En las elecciones de 2006 y 2012, cuando López Obrador se convirtió en un adversario importante (muy importante en la primera), logró levantar la votación de la izquierda en cerca de 10 puntos. Más de la mitad provenientes del PRI, y el resto como resultado de la polarización entre dos candidatos al cierre de las campañas. Pero esa polarización requiere estar cerca del primer lugar, para poder cosechar. Tal y como terminarán la elección de 2015, el PRD y Morena pueden tener entre 7 y 10 por ciento del voto nacional, cada uno. Mientras, PAN y PRI estarán entre 30 y 35, al menos. Rumbo a 2018, los 7 u 8 puntos que AMLO resta al PRI lo pondrían por debajo del 20 por ciento de la votación, lejos de los otros dos partidos, y por lo mismo sin capacidad de cosechar los votos finales.

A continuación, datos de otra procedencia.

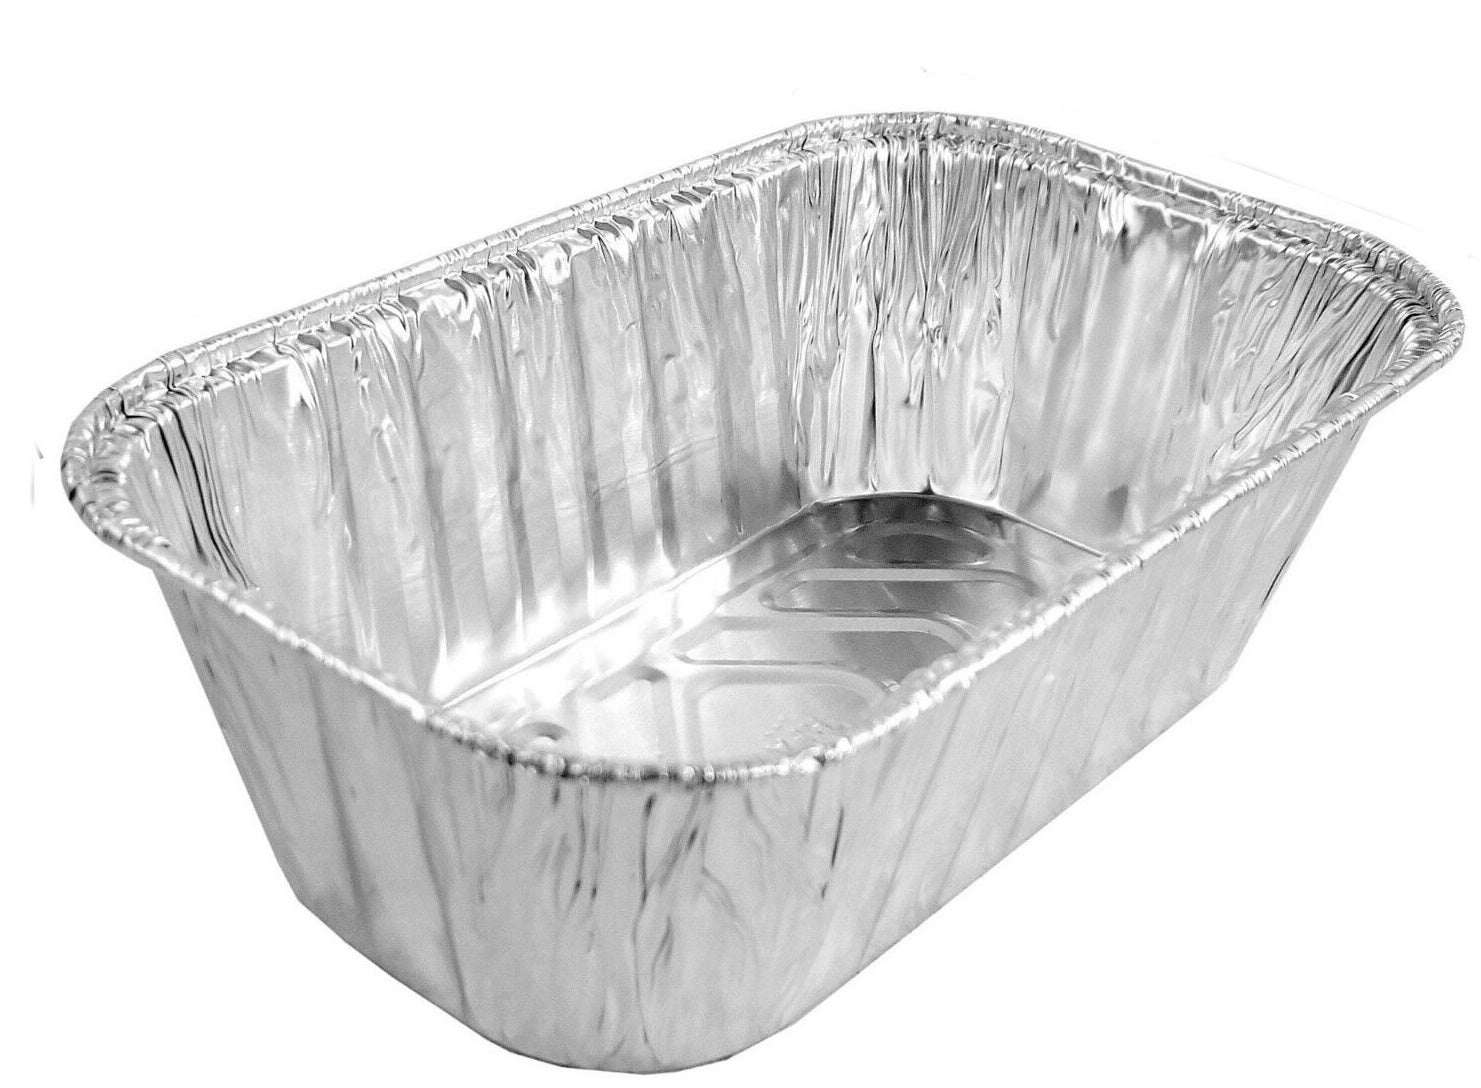 Waytiffer 50 Pack 1Lb mini Loaf Pans Heavy Duty Disposable Aluminum Foil  Bread Tins Standard Size - 6 X 3.5 X 2.5 Oven Safe Sturdy Small Bread  Tin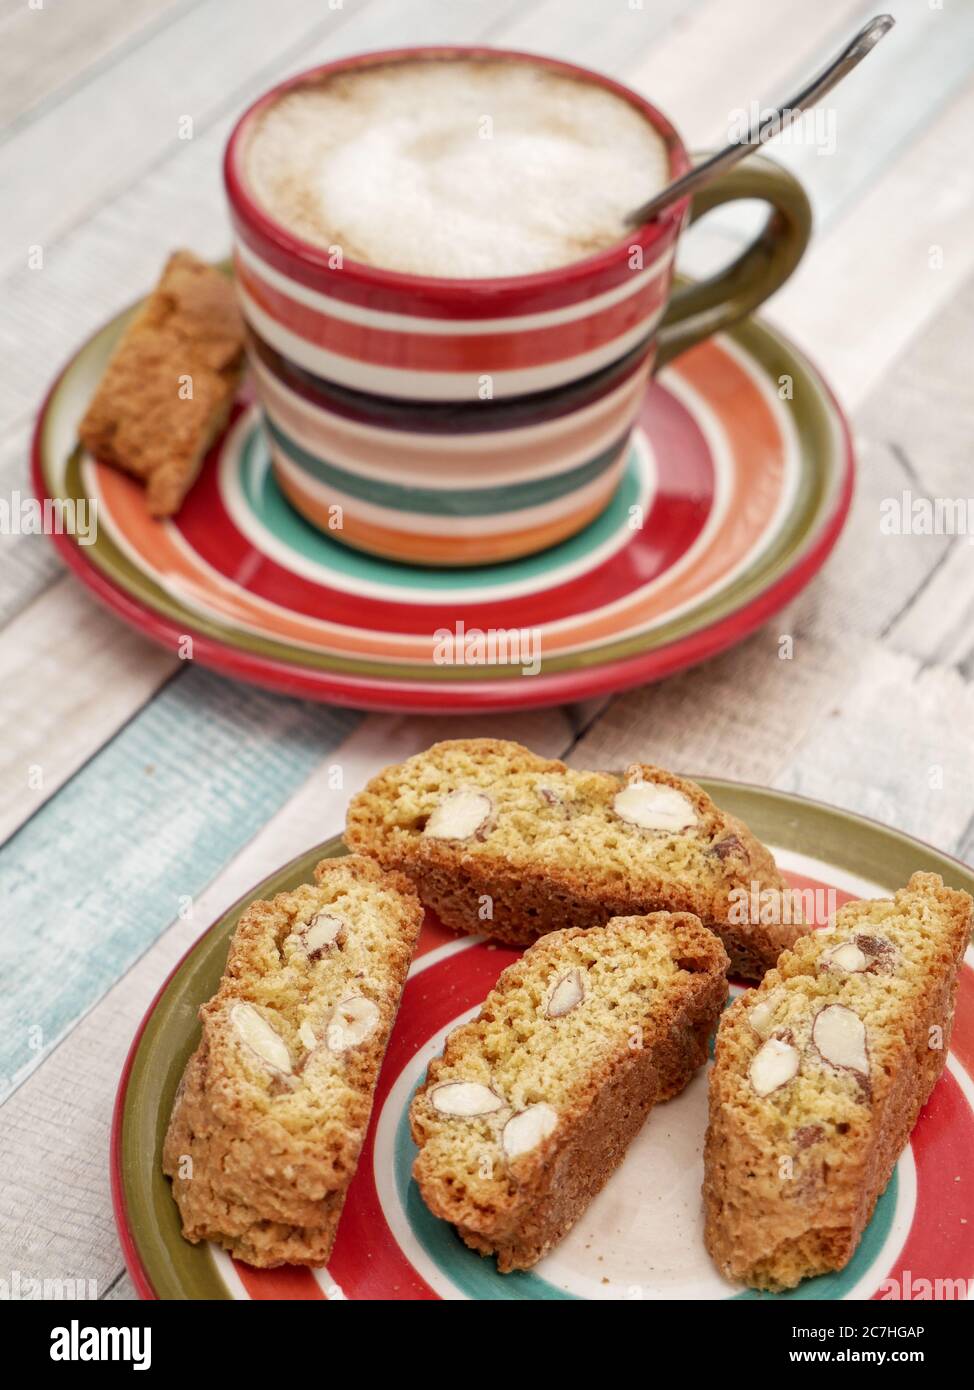 Cappuccino coffee with almond cookies cantucci. Stock Photo

Así que la única solución es que la izquierda se vuelva a unir para 2018, o será sólo testimonial, como lo fue por décadas. Pero al polarizar en este momento la elección en el granero de votos, me parece que la posibilidad de unirse después se reduce mucho, si no es que desaparece. Es decir, para poder ubicar a Morena en esta elección, AMLO dinamita la posibilidad de unidad en 2018. Eso sólo le deja un camino, terminar de destruir al PRD después de esta elección.

En esta tragedia de la izquierda, parecida a las disputas familiares por las herencias, su mayor riesgo es abrir el camino a otros, y convertirse rápidamente en irrelevante. Veremos qué ocurre.